I would like splunk to answer questions like "How much of the time does..
I'm accomplishing something similar with this search (although this is event-correlated, not time-correlated):
sourcetype=cpu | multikv fields pctIdle | eval Percent_CPU_Load = 100 - pctIdle | stats count(eval(Percent_CPU_Load<90)) AS below, count(eval(Percent_CPU_Load>=90)) AS over by host | eval all=below+over | eval TimeOverloaded=tostring(round(over/all*100, 2))+"%" | table host, TimeOverloaded
This, however, seems like a very tedious way to get to this information. It feels like there should be a simple search command to answer these kind of questions like stat, chart etc., but I can't find it. All data in splunk is time correlated, so this should certainly be possible.
If a command like this already exist, I apologize.
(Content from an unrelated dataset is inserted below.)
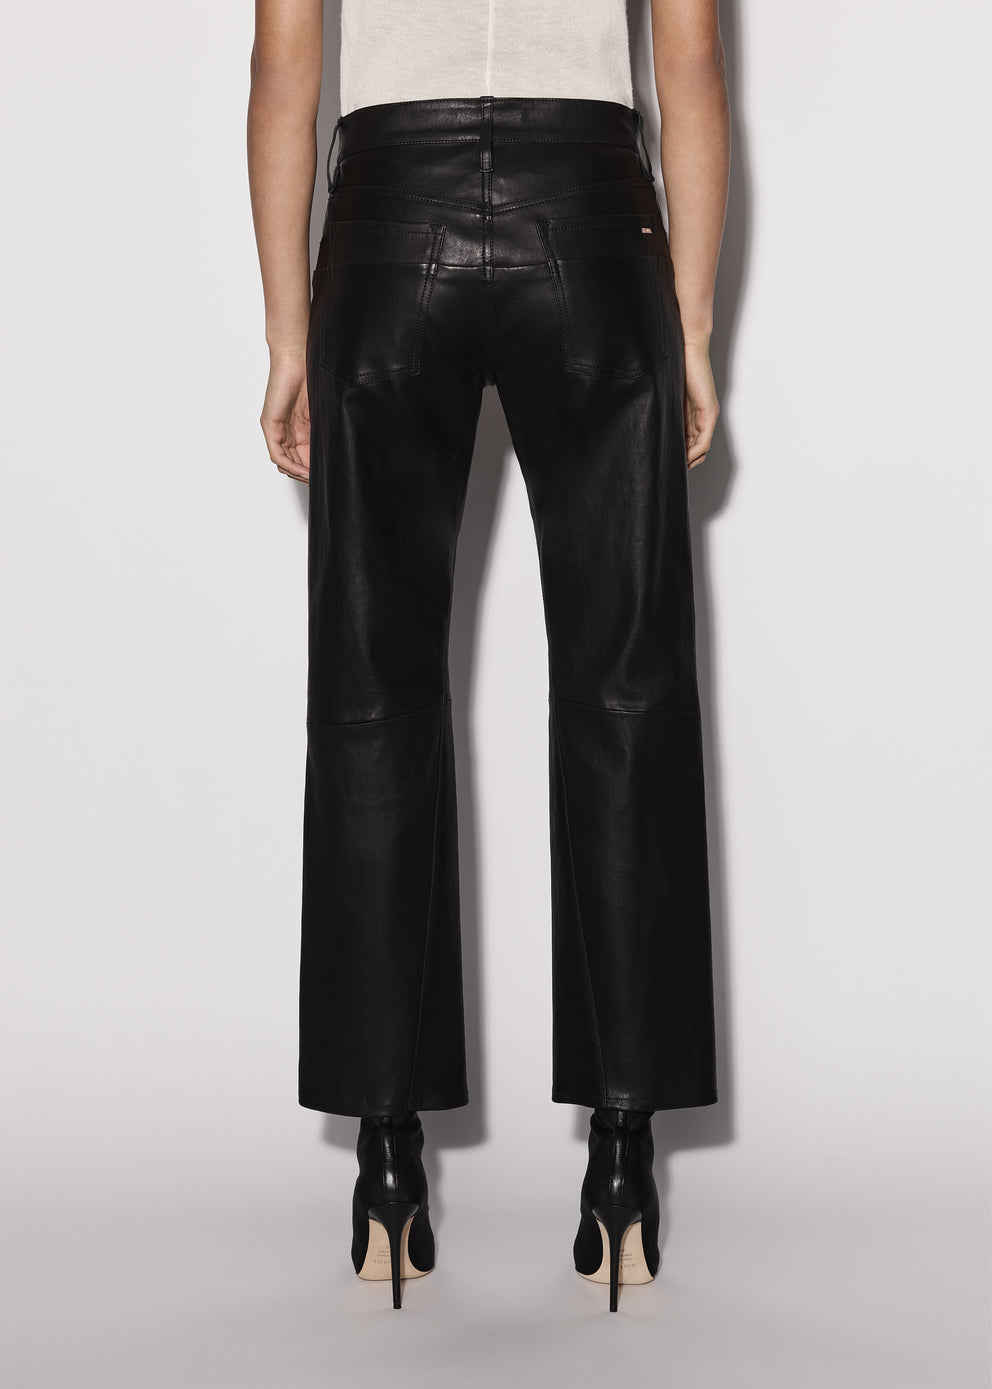 Leather Amiri Cuero 5 Pocket Directo Pant Mujer Negras | 2649XGSEU

If not, I would like to request this feature - although I'm at a loss as to how this command should be named 🙂
A search command like this would be very useful when calculating eg. SLA fulfillment.
You can certainly slim down that query:
sourcetype=cpu | multikv fields pctIdle | stats count AS all, count(eval(pctIdle<=10)) AS over by host | eval TimeOverloaded=tostring(round(over/all*100, 2))+"%" | table host, TimeOverloaded
You could use streamstats to add the next event's timestamp to each event, calculate the difference, use that as valid duration for the event and hence have an approximation of the time during which your CPU was greater than 90%.
Not having a dedicated command for this special case makes this special case a bit harder to build, but having powerful generic commands makes it possible in the first place. Imagine how many very very specific commands there would have to be to cover every possible eventuality.
You are right.. My query is rather long 🙂
I still think Splunk could use a more dedicated command to accomplish this more generally.
There's a big difference in the fact that this search counts the percentage of the logged events where the host(s) are overloaded - not the percentage of the time where the host(s) are overloaded.
A dedicated command could eg. take into account how time slots with missing data should be handled. Using addinfo to get the search start- and endtime and then calculating how many data points I should have makes the search even more complicated 🙂